» **Exercise instructions**: Please copy exactly the part of the records below that opens with the line containing "Winter outfit of" and closes with the line containing "How To Store Asparagus Before Cooking", leaving out any pictures.

» **Records shown**:

________________________________________

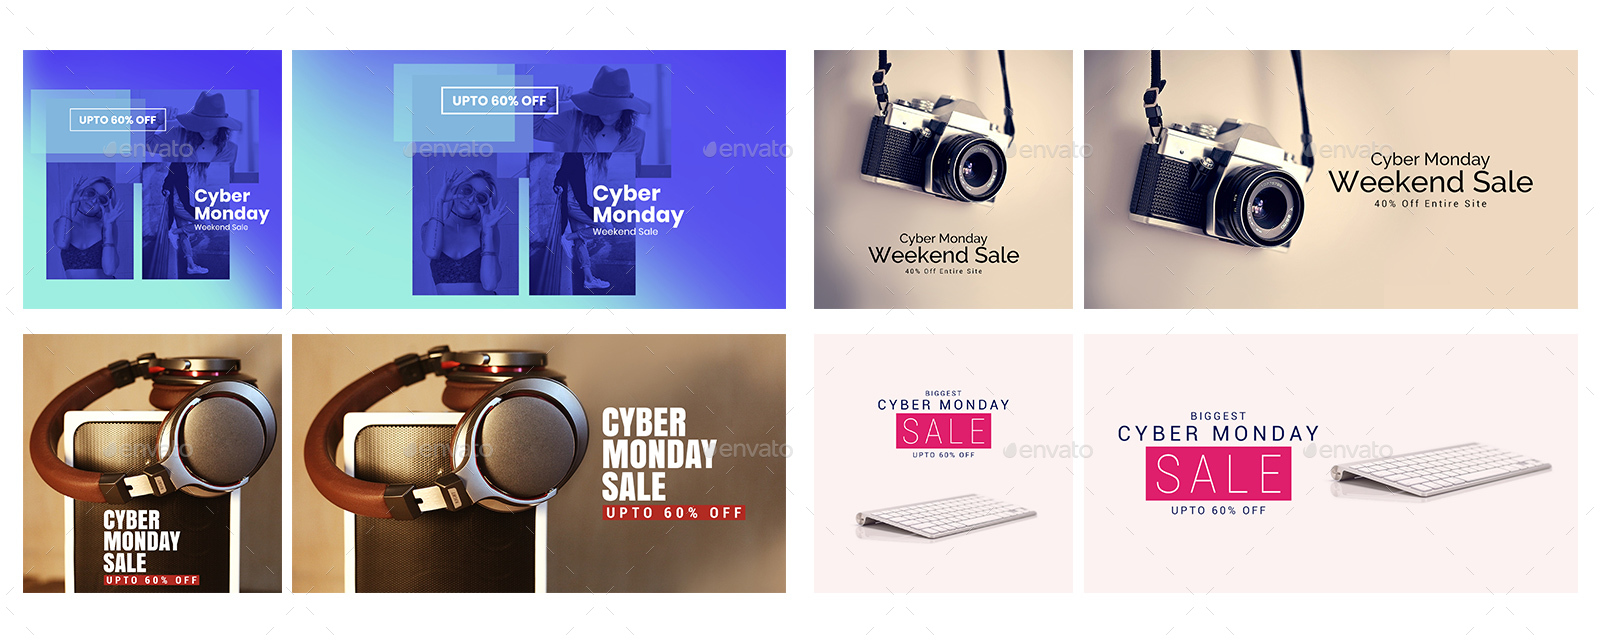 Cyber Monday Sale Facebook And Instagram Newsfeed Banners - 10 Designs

________________________________________

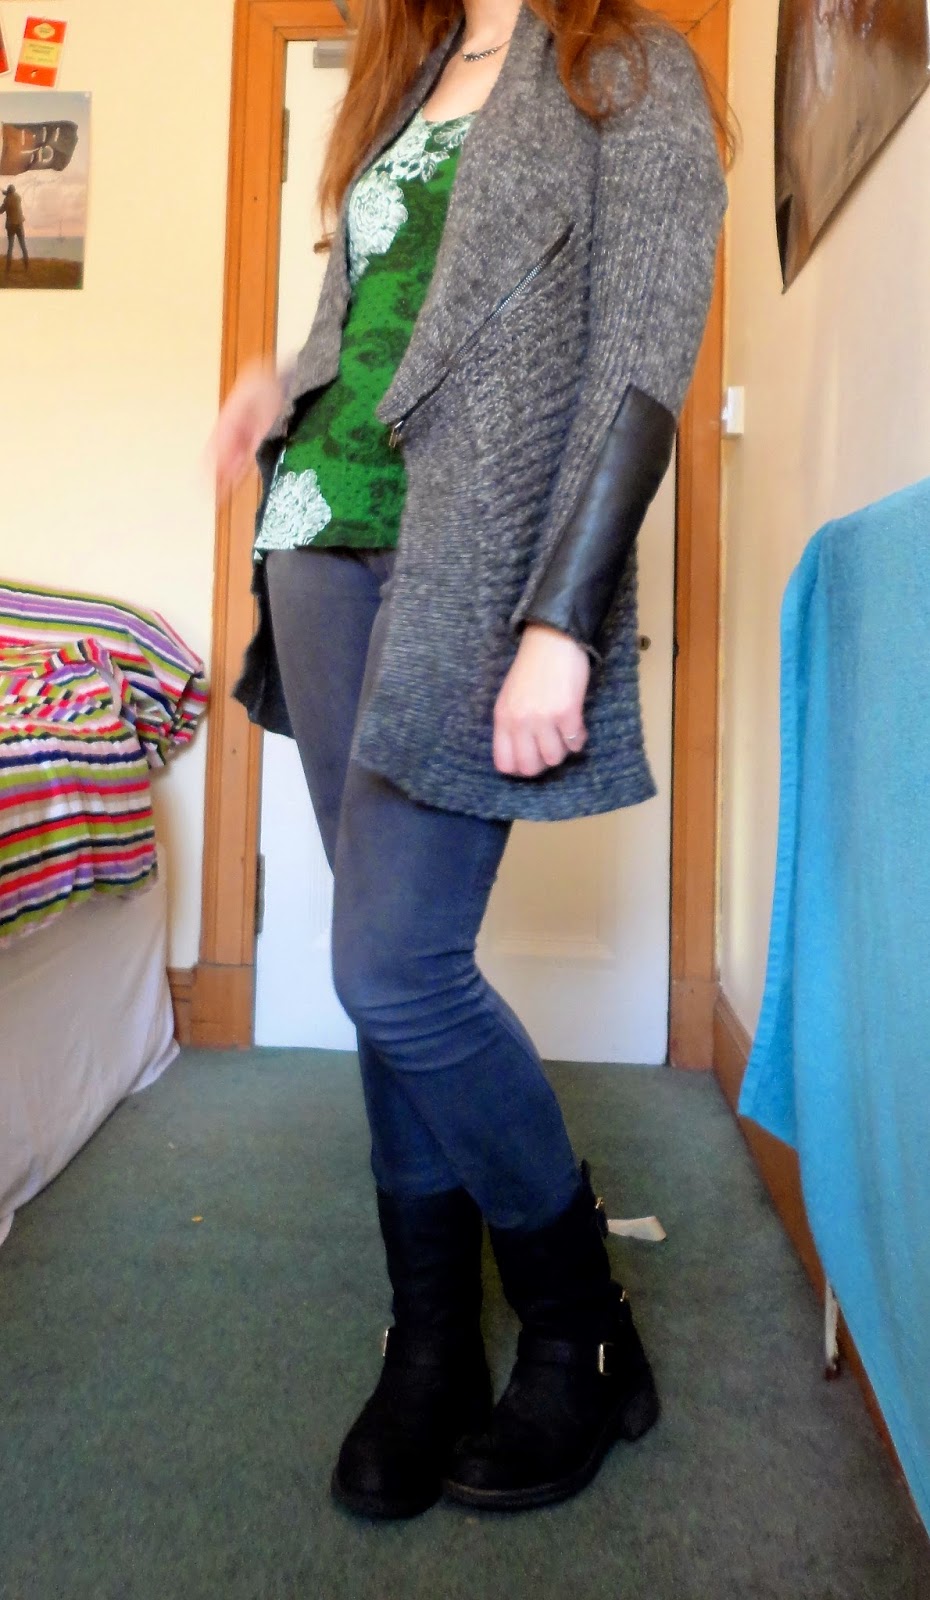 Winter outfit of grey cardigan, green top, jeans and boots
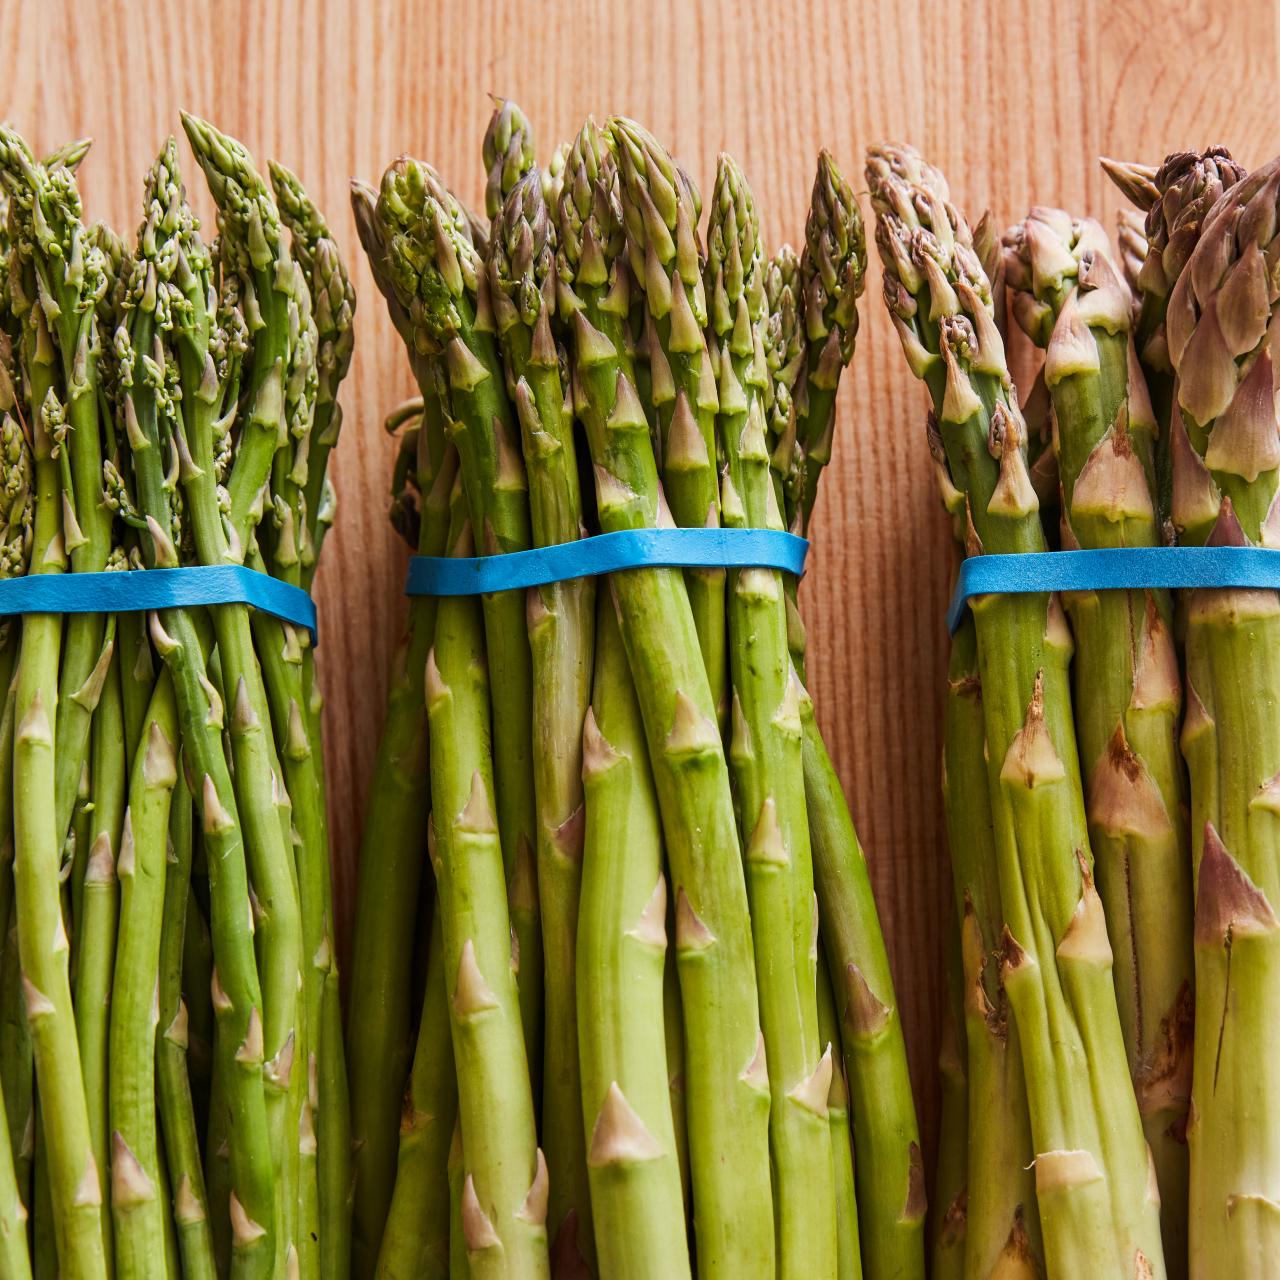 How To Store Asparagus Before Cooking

________________________________________

» **Task response**:
 Winter outfit of grey cardigan, green top, jeans and boots
 How To Store Asparagus Before Cooking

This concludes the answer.